パラドックス的な現象の理解


世の中には、「こうなっているはずだ」あるいは「こうなっていて欲しい」というようなことがいくつかある。しかし現実にはその期待はしばしば裏切られ、「なぜこうなっているんだろう」というような理不尽な思いを抱いた人は多いのではないかと思う。自分が抱いていることが常に「通説」とは限らないが、期待を抱いている事柄というのは、ある意味では世間もそう考えているだろうということで期待できる部分があるので「通説」に近いのではないかと考えてもいいだろう。

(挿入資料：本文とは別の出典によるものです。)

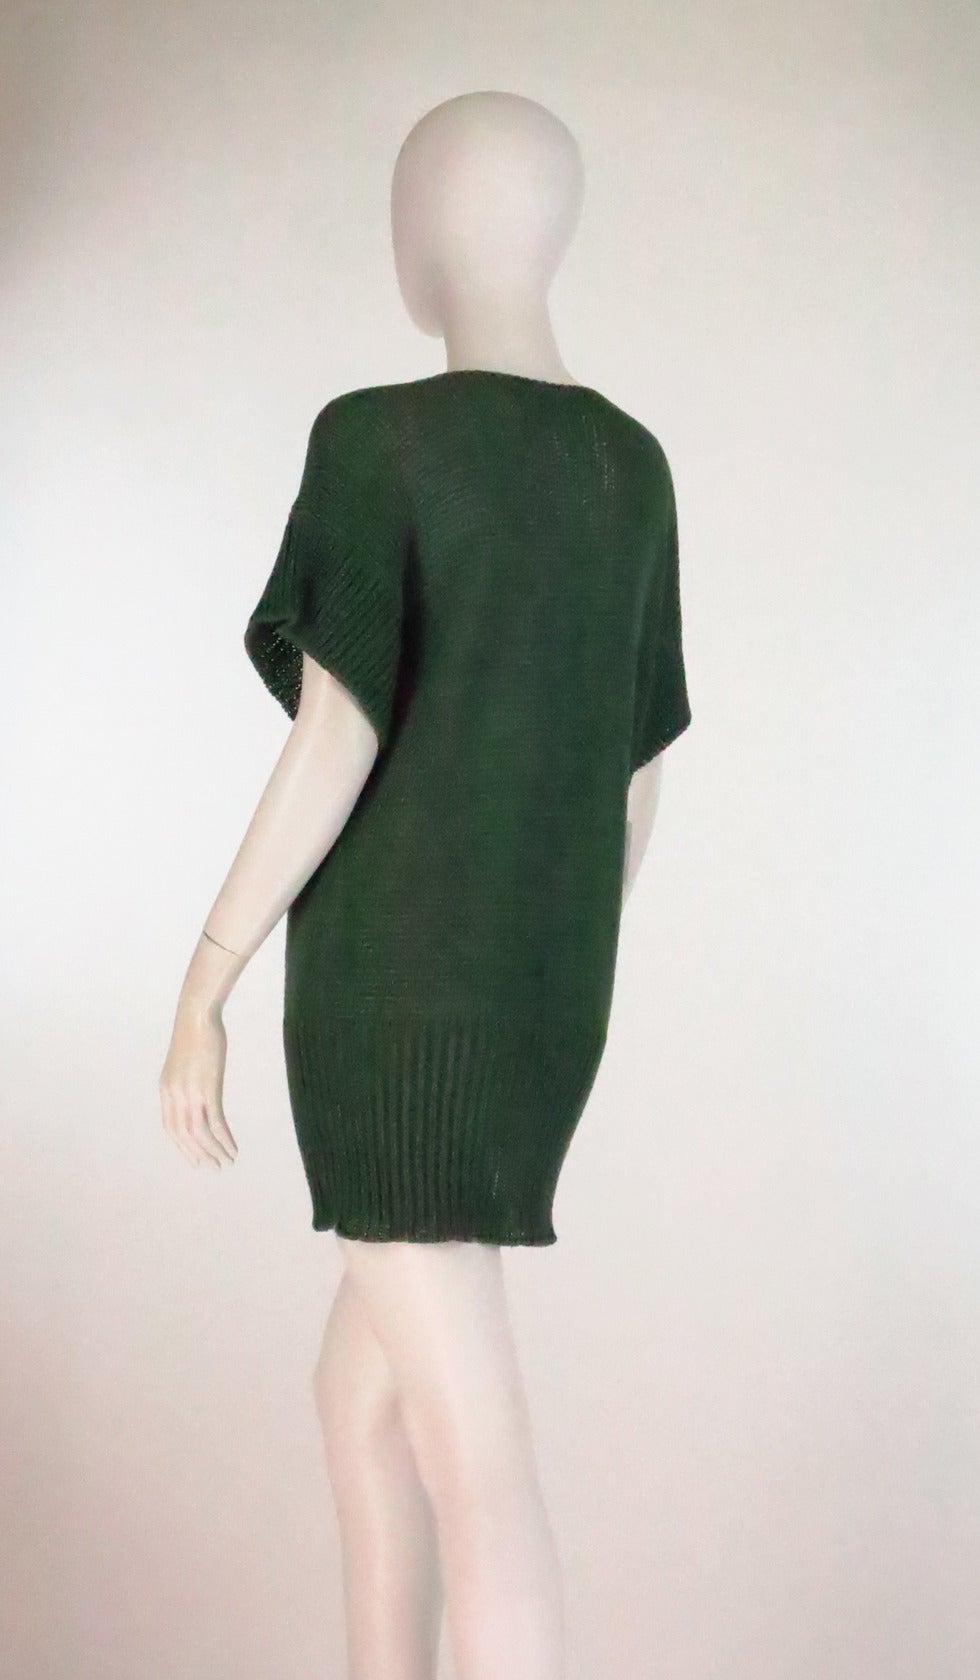 Black 1980s Jil Sander pine green sweater knit tunic For Sale

その「通説」に反した現実が訪れてみると、そこには深刻なパラドックスがあることが感じられるのではないかと思う。

昨日ケーブルテレビで、昨年話題になった映画の「それでもボクはやっていない」というものを見た。これは痴漢冤罪を描いて裁判制度のおかしなところを描いた映画だ。裁判制度のパラドックスを提出していると言ってもいいのではないかと思う。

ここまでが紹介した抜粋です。